Multiple sequence alignment and phylogenetic analysis of TaJAZ proteins

Multiple sequence alignment of the candidate TaJAZ proteins was performed using the Clustal X software (Version 1.81) with default settings. Meanwhile, 6 SmJAZ, 12 AtJAZ, 15 OsJAZ, 7 PpJAZ, 6 ZmJAZ, 15 BdJAZ, 15 SbJAZ, 13 PsJAZ, 8 AetJAZ and 7 HbJAZ proteins were included in the phylogenetic analyses. The unrooted tree was performed using the NJ method of MEGA 6.0 software with bootstrap values from 1000 replicates.

Ka and Ks calculations

The Ka and Ks calculation method was described previously [68]. Briefly, the orthologous JAZ gene pairs between wheat and B. distachyon were used to calculate Ka and Ks in the PAL2NAL server using the codeml program of phylogenetic analysis by maximum likelihood [69]. The B. distachyon was used as an outgroup.

Plant materials, treatments and sample collections

The thermo-sensitive genic male sterile (TGMS) wheat line BS366 and normal wheat line Jing411 were planted in the experimental fields in Beijing (China, N 39°54′, E 116°18′), and managed conventionally. For expression pattern analysis of TaJAZ genes in Jing411 and BS366, the anther tissues were sampled at six stages during the whole heading periods (Fig. 6b).
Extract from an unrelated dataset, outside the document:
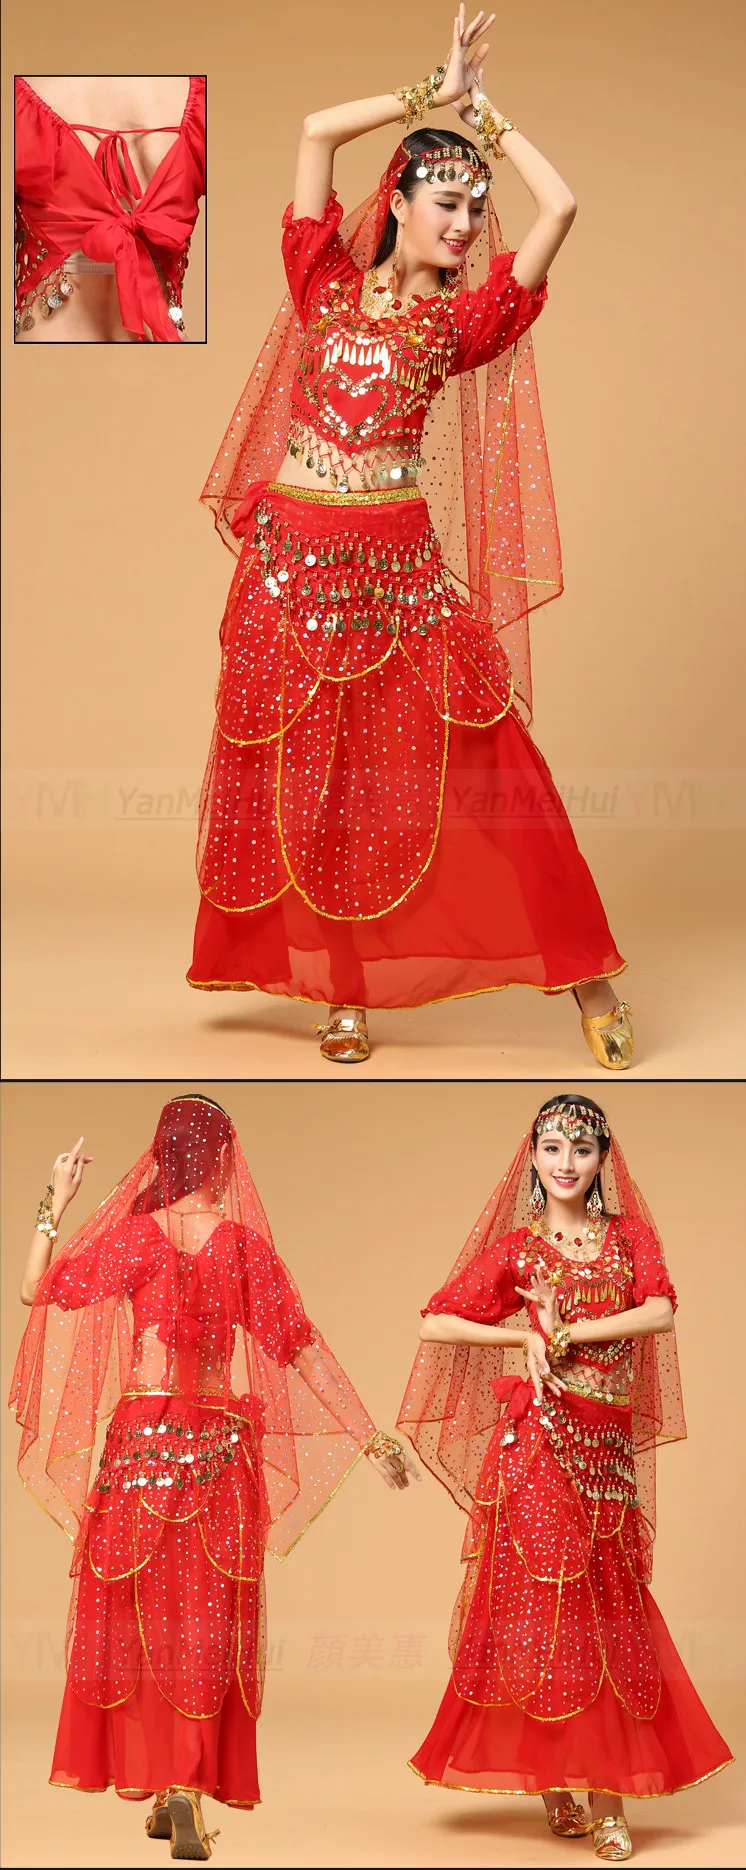 Новые женские танец живота костюм Индийский стиль одежды пикантные Болливуд танцевальные костюмы для леди 6 видов цветов 3-4-5-7pcs комплекты

For tissue-specific expression analyses, 6 tissues (root, stem, leaf, glume, stamen and pistil) from Jing411 and BS366 were collected at the heading stage 6 (Fig. 6b). For abiotic stresses, BS366 seeds were germinated at 25 °C, then the seedlings were cultured in green house for 16 h light/8 h dark at 25 °C. After 2 weeks, the seedlings were sprayed with 2 mM SA, 100 mM MeJA, 100 mM GA3, 50 mM IAA, and 100 mM ABA that were dissolved in 0.1% (v/v) ethanol. The control plants were treated with 0.1% (v/v) ethanol. The leaf tissues from seedlings were collected at 0, 2, 4, 8, 12 and 24 h post treatment. For the high-salinity and drought treatments, the roots of wheat seedlings were soaked in 200 mM NaCl and PEG6000 (-0.5 MPa), respectively. The leaf tissues from seedlings were sampled at 0, 2, 4, 8, 12 and 24 h post treatment. For low temperature stress, the 2-week-old seedlings were moved to the incubator in which the temperature was set at 10 °C. The leaf tissues were collected at 0, 2, 4, 8, 12 and 24 h post treatment. All the samples mentioned above were rapidly frozen in liquid nitrogen and stored at -80 °C freezer for RNA extraction.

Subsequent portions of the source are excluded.